Nothing but the lines from the one with "Impressive quilting shop, so" down to the one with "The AC-130's forward sensors" should be returned, exactly and with both ends included, from the material below.

Records provided
________

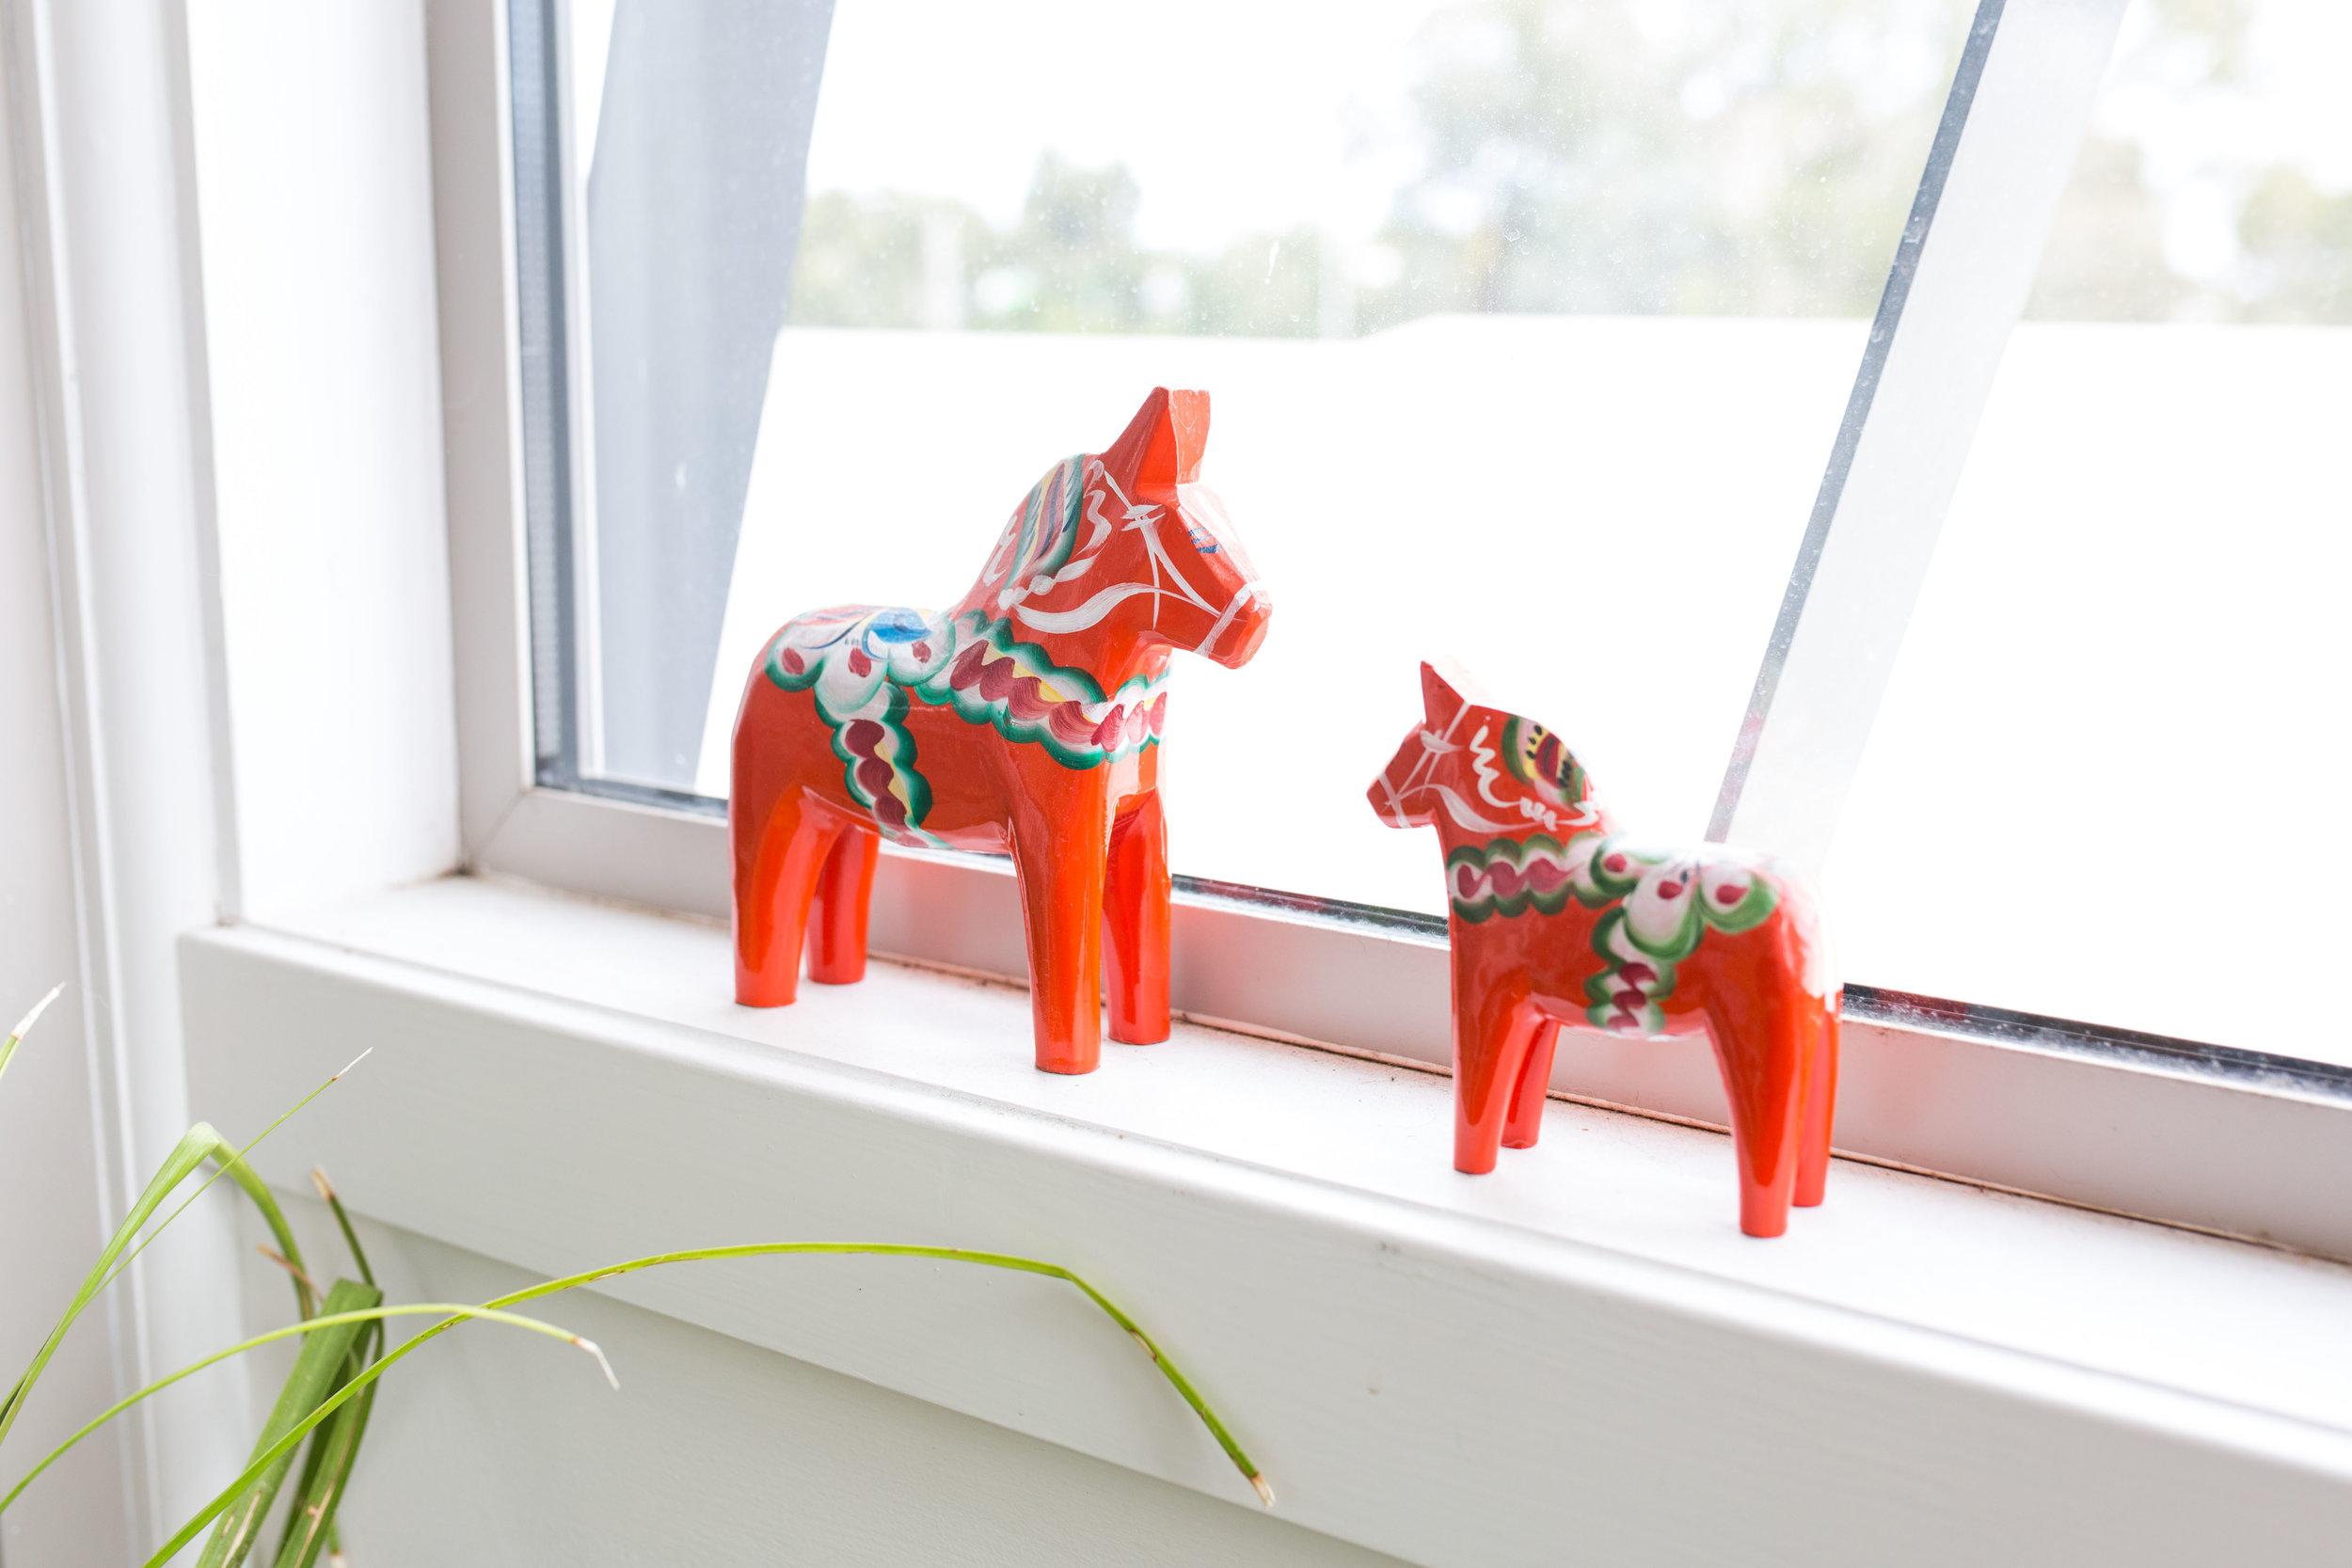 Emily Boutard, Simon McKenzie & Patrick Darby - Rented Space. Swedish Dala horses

________

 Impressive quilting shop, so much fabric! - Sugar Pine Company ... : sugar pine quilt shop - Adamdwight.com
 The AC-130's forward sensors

________

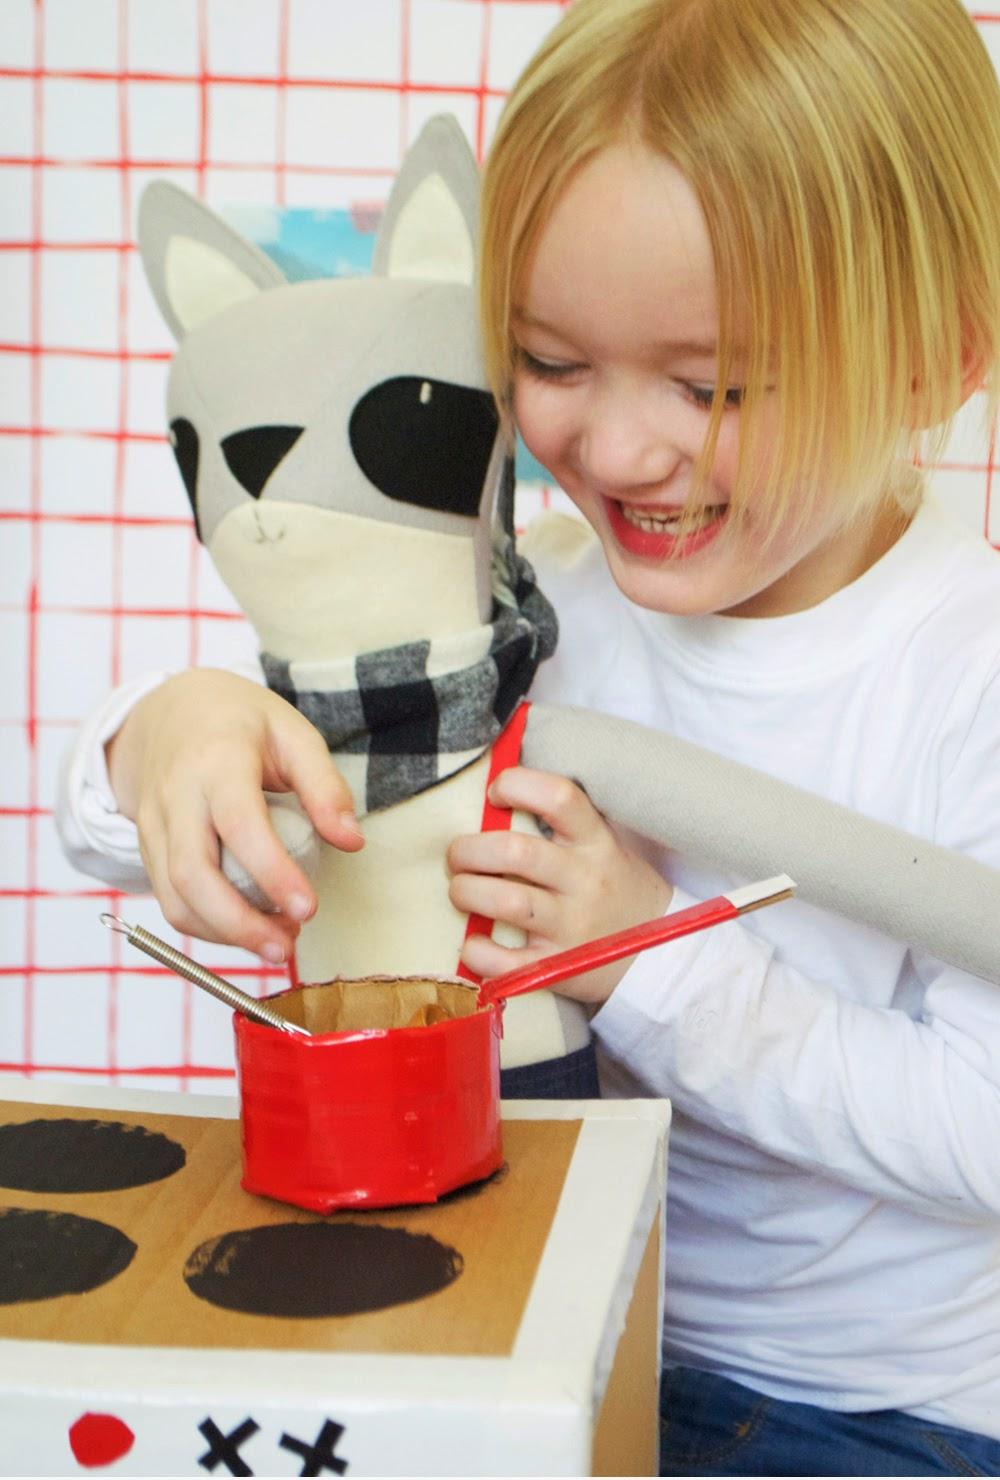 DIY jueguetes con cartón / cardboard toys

________

Task answer
 Impressive quilting shop, so much fabric! - Sugar Pine Company ... : sugar pine quilt shop - Adamdwight.com
 The AC-130's forward sensors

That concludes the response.